Set the environment first. PowerShell example:
$env:SECPLATFORM_KALI_HOST='<kali-host-or-ip>'
$env:SECPLATFORM_KALI_USER='<ssh-username>'
$env:SECPLATFORM_KALI_PASSWORD='<ssh-password>'
$env:SECPLATFORM_KALI_PORT='22'
$env:SECPLATFORM_PROJECT_PATH='.'
$env:SECPLATFORM_ZAP_TARGET_URL='http://127.0.0.1:8080'
$env:SECPLATFORM_REMOTE_TMP='/tmp'Bash example:
export SECPLATFORM_KALI_HOST='<kali-host-or-ip>'
export SECPLATFORM_KALI_USER='<ssh-username>'
export SECPLATFORM_KALI_PASSWORD='<ssh-password>'
export SECPLATFORM_KALI_PORT='22'
export SECPLATFORM_PROJECT_PATH='.'
export SECPLATFORM_ZAP_TARGET_URL='http://127.0.0.1:8080'
export SECPLATFORM_REMOTE_TMP='/tmp'Optional tool path overrides:
export SECPLATFORM_GITLEAKS_BIN='gitleaks'
export SECPLATFORM_TRIVY_BIN='trivy'
export SECPLATFORM_SEMGREP_BIN='semgrep'
export SECPLATFORM_ZAP_BIN='zaproxy'SECPLATFORM_KALI_PASSWORD is read at runtime by the SSH helper. It is not
stored in workflow JSON or reports. If you want to use a differently named
password variable, set SECPLATFORM_KALI_PASSWORD_ENV to that variable name.
Expected Kali tools:
- OpenSSH server reachable from the CLI machine.

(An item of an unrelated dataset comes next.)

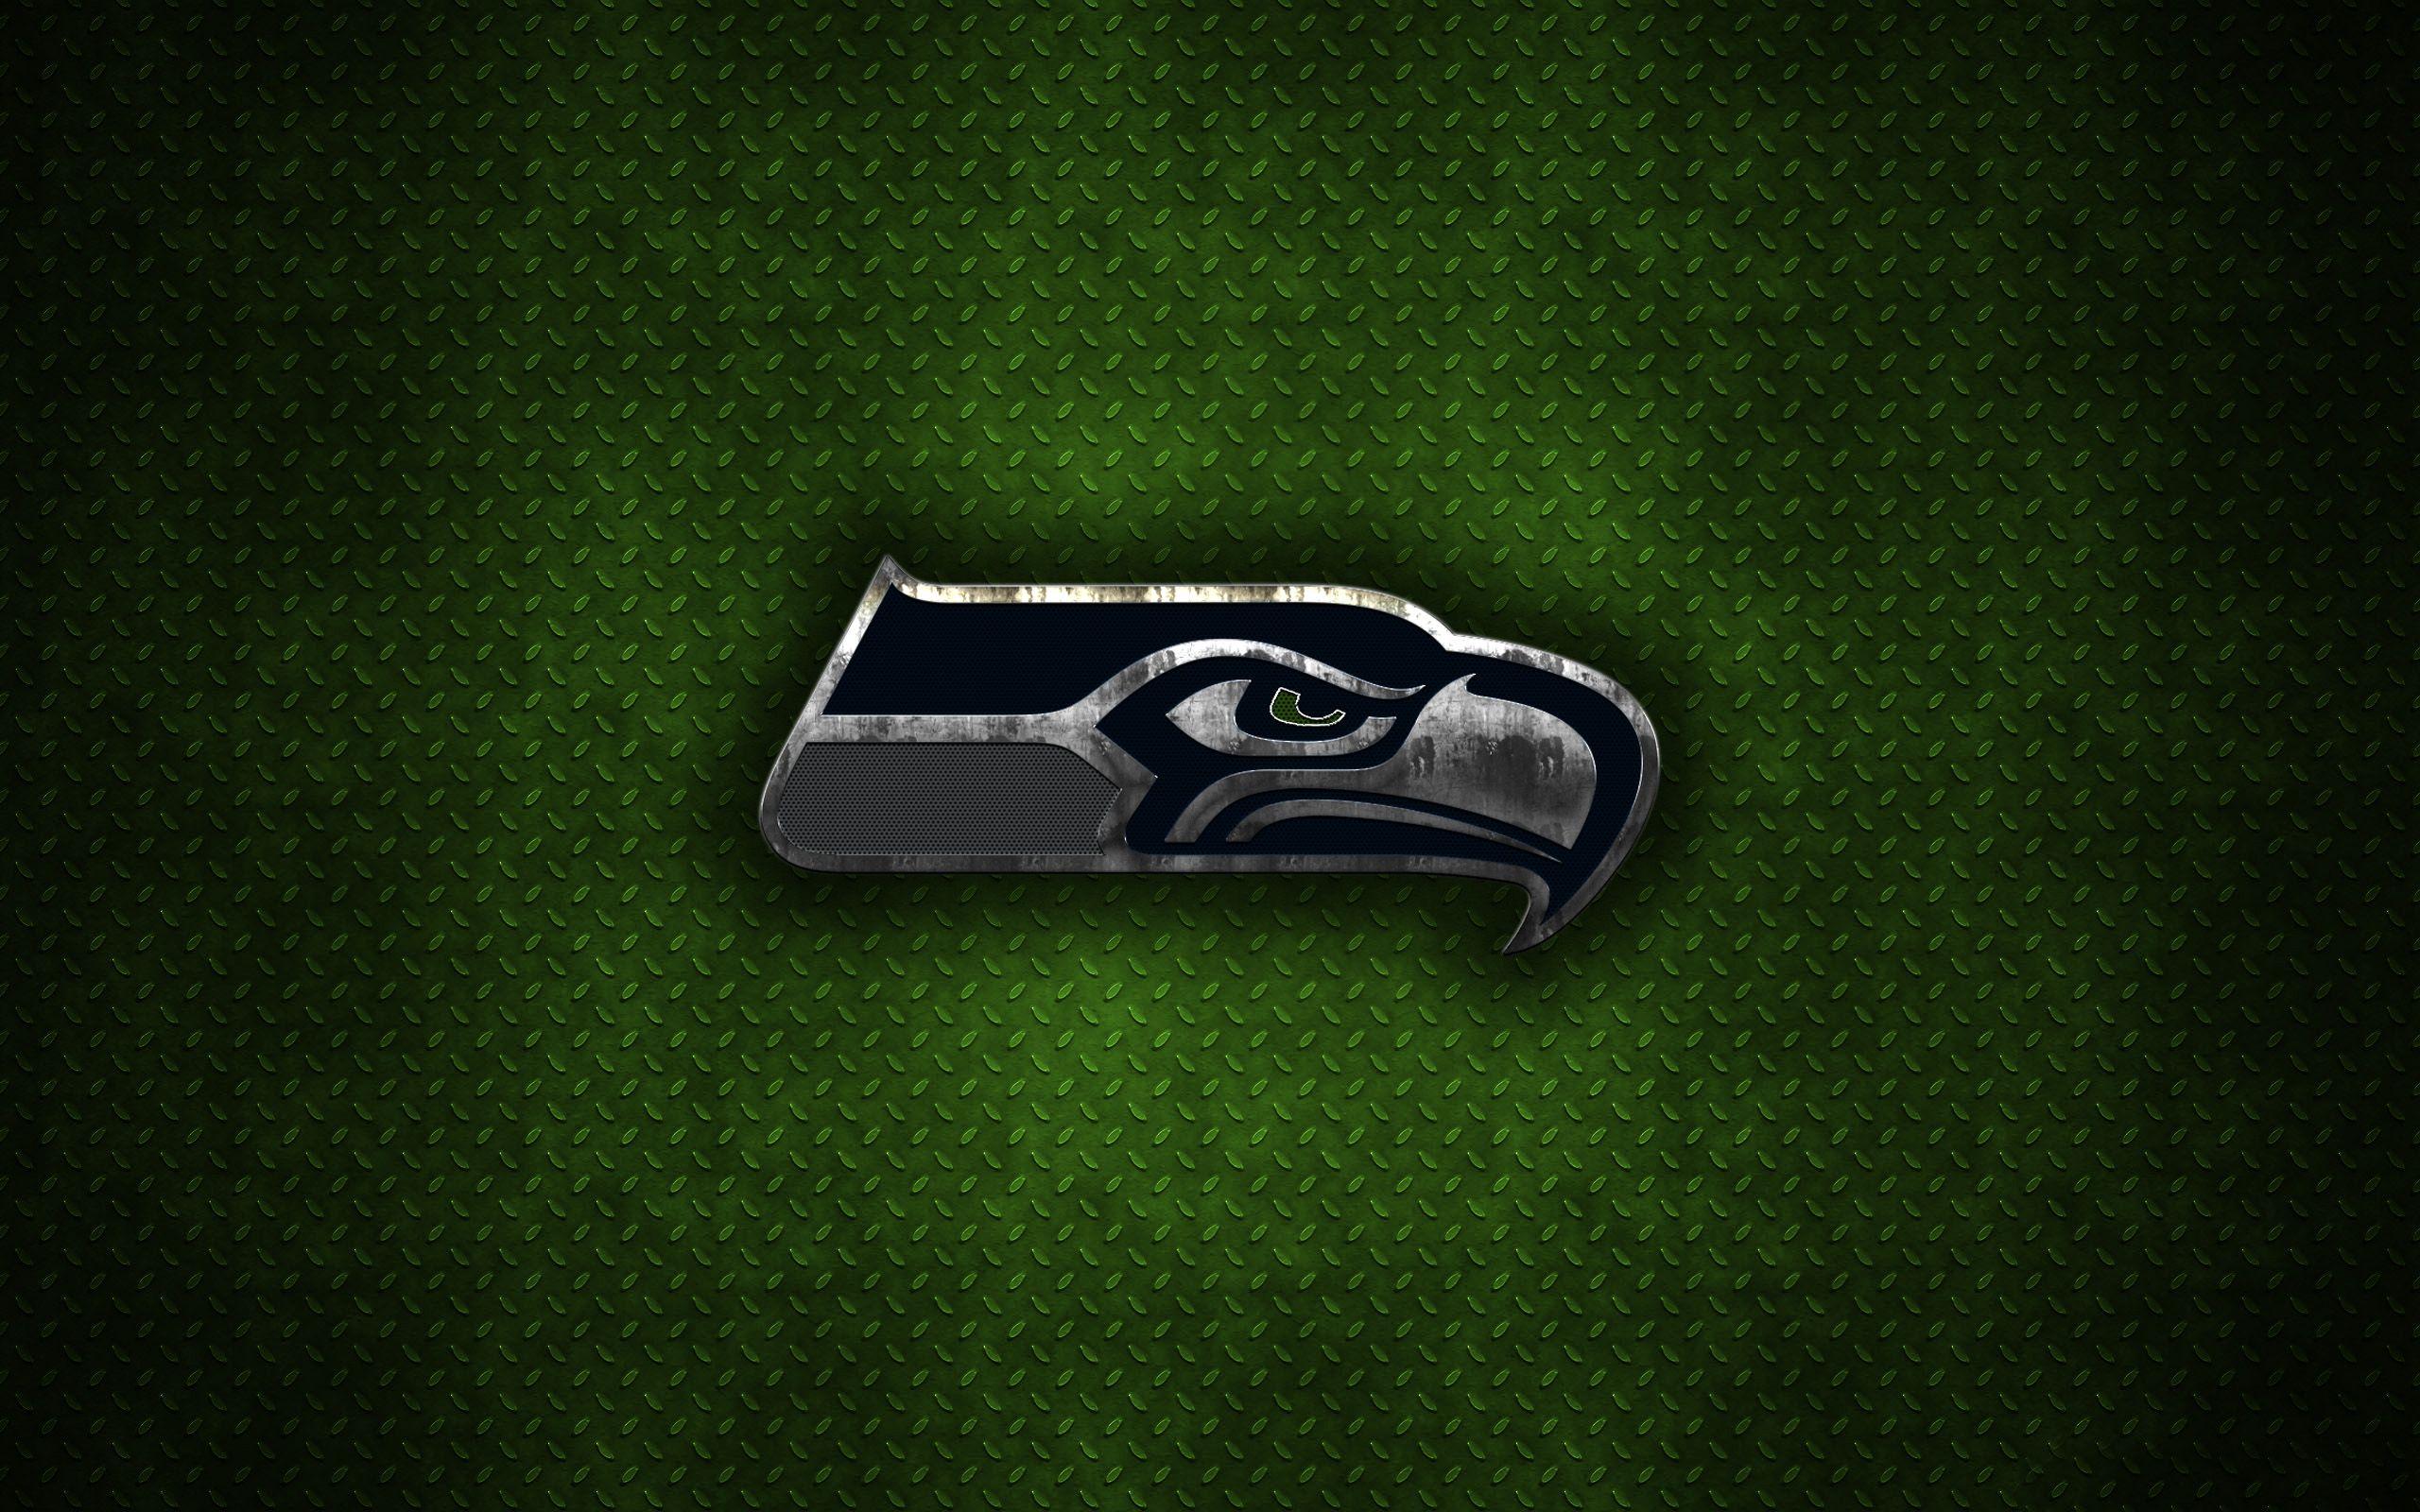 2560x1600 hình nền logo seahawks 2013

python3andcurlfor running the included test applications.gitleaks,trivy,semgrep, andzaproxyfor the included workflows.
python sec_orchestrator.py validate example_workflow.json
python sec_orchestrator.py adapters
python sec_orchestrator.py normalizers
python sec_orchestrator.py run example_workflow.jsonShow command help:
python sec_orchestrator.py --help
python sec_orchestrator.py run --helpValidate a workflow without executing tools:
python sec_orchestrator.py validate example_workflow.json
python sec_orchestrator.py validate gitleaks_workflow.jsonList registered extension points:
python sec_orchestrator.py adapters
python sec_orchestrator.py normalizersRun the barebones no-tool workflow:
python sec_orchestrator.py run example_workflow.jsonRun a workflow and write artifacts to a custom directory:
python sec_orchestrator.py run example_workflow.json --output runs/dev-checkRun the Gitleaks self-scan through the Kali host:
python sec_orchestrator.py run gitleaks_workflow.jsonThe Gitleaks workflow copies the local project to a temporary directory on Kali,
runs gitleaks detect over SSH, stores the raw JSON output as evidence, and
normalises any findings into the common finding model. The SSH password is read
from the configured environment variable, so it is not stored in the workflow
JSON.
Run the Trivy self-scan through the Kali host:
python sec_orchestrator.py run trivy_workflow.jsonThe Trivy workflow copies the local project to Kali and runs trivy fs with JSON
output. It is currently configured for vulnerability, secret, and
misconfiguration scanning.
Run the Semgrep self-scan through the Kali host:
python sec_orchestrator.py run semgrep_workflow.jsonThe Semgrep workflow copies the local project to Kali and runs Semgrep with the
Python ruleset configured in semgrep_workflow.json.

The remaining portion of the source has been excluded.